Laporan Wartawan Tribunnews.com, Aisyah Nursyamsi
TRIBUNNEWS.COM, JAKARTA - Sebagian anak mungkin pernah berada di posisi merasa tak berharga, terbuang, dan kesepian. Ia merasa tak seorang pun di dunia ini menyayanginya.
Perasaan macam itu dapat berdampak pada situasi pengendalian emosi yang sangat sulit.
Demikian disampaikan oleh National Director SOS Children’s Village Indonesia Gregorius Hadiyanto Nitihardjo, dalam acara Kickoff Implementasi Gerakan 100 Juta Pembelajar, Rabu (8/6/2022).
Akibatnya, menurut Hadiyanto, anak tumbuh dengan rasa tidak aman. Dan lambat laun kondisi psikologisnya membentuk karakter yang bermasalah.
Bahkan tak menutup kemungkinan anak menjadi seorang dengan rasa dendam dan kebencian. Kondisi itu bisa menghambat pertumbuhan anak secara stabil.

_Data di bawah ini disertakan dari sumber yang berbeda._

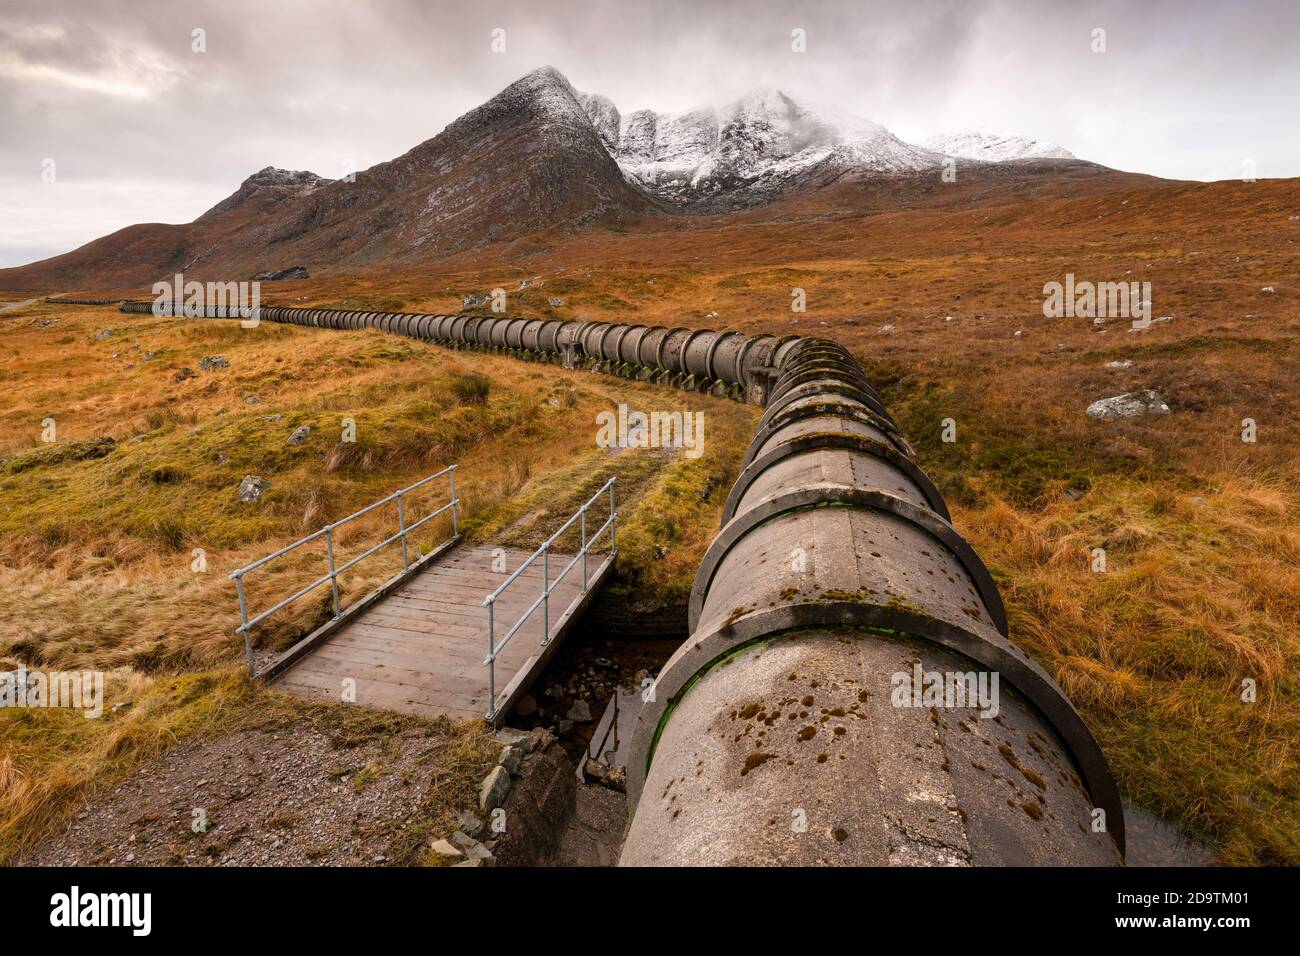 Original concrete pipe / aqueduct taking water into Loch Fannich, Highland Scotland, as part of the hydro-electric scheme in that area. Stock Photo

Mungkin secara kecerdasan kognitif anak kuat. Namun emosional dan spirit tidak berkembang maksimal.
Baca juga: Masih Takut Gendong Bayi, Vincent Verhaag Kini Ikut Kelas Parenting untuk Jadi Suami Siaga
"Kami melihat banyak perilaku bermasalah, agresif, menarik diri, bolos sekolah, mencuri, banyak perilaku yang tidak diterima, dan ditampilkan anak ini jika tidak ditangani secara tepat," kata Hadiyanto.
Persoalan kemudian menjadi sulit saat orangtua atau pengasuh menunjukkan pendidikan secara agresif. Bahkan tidak segan memberikan hukuman fisik.

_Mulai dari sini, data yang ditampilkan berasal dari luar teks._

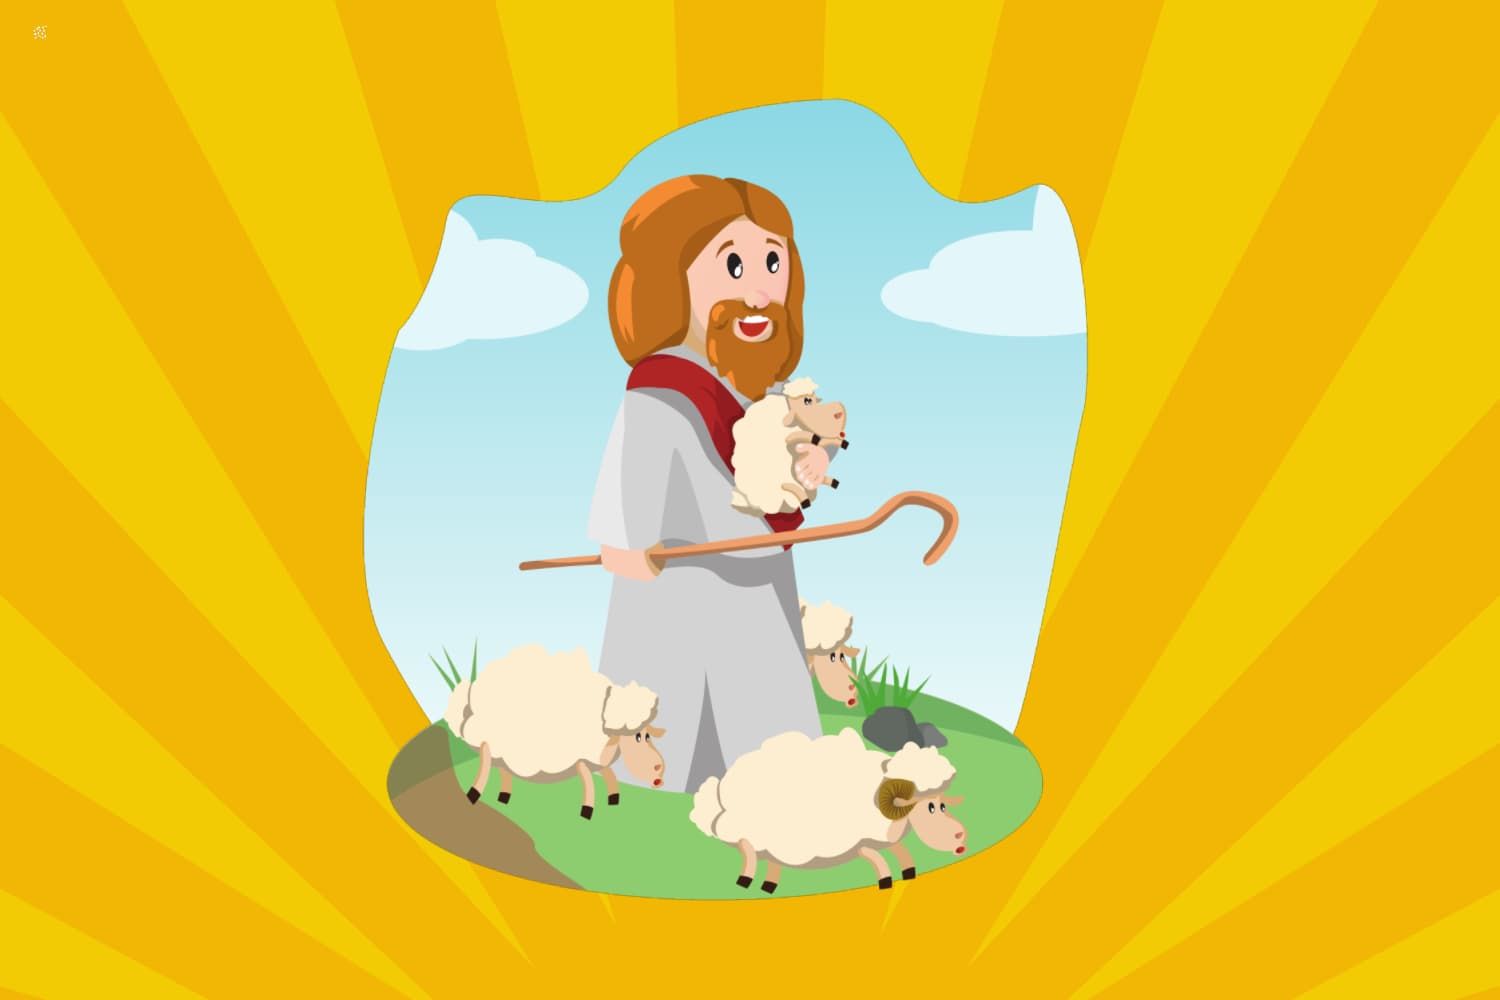 Childrens%20moment%20-%20NT%20Teaching%20on%20the%20good%20shepherd%20-%20Recognizing%20the%20shepherds%20voice%202-62442aa4 Jesus - His parables

Padahal, kata Hadiyanto, anak dalam pertumbuhannya sangat membutuhkan bantuan. Dalam situasi demikian banyak orangtua, guru, pengasuh, tidak menyadari bahwa anak telah menjadi korban.
Sedangkan yang dibutuhkan anak ini adalah lingkungan penuh kasih sayang. Di mana orangtua bisa memahami dan menerima kondisi ini.

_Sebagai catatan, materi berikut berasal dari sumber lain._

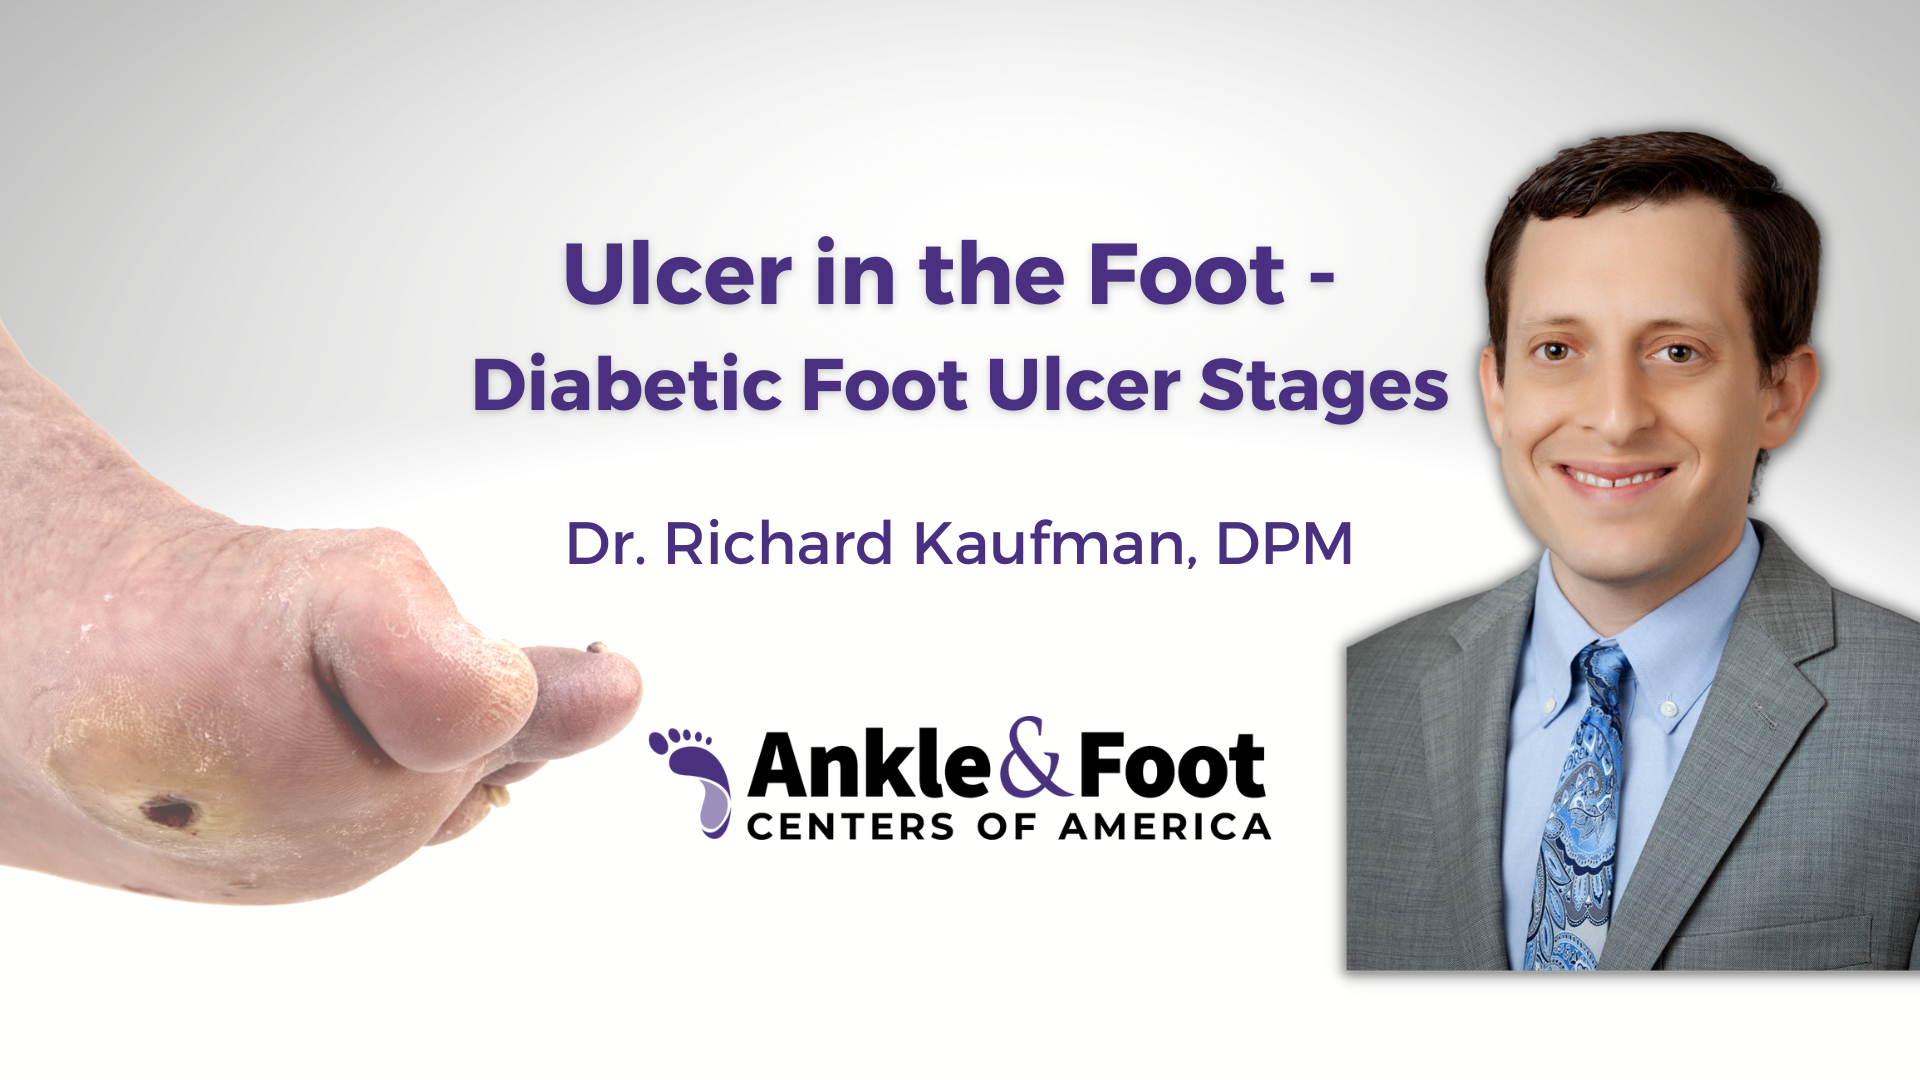 Ulcer in the Foot – Diabetic Foot Ulcer Stages

Selama 50 tahun SOS Children’s Village melakukan pendekatan pada keluarga. Pihaknya pun menggunakan empat konsep dalam program mereka.
Tujuannya, yakni anak-anak dapat bertumbuh dengan baik dan menerima pendidikan berkualitas. Prinsip pertama adalah parents atau orangtua asuh.
Baca juga: Inspiratif, Begini Gaya Parenting Rachel Vennya yang Rajin Bertanya Suasana Hati Anak
Orangtua hadir 24 jam sehari atau 365 hari dalam setahun pada pertumbuhan anak, sehingga merasa ada orang yang menjadi tempat ikatan.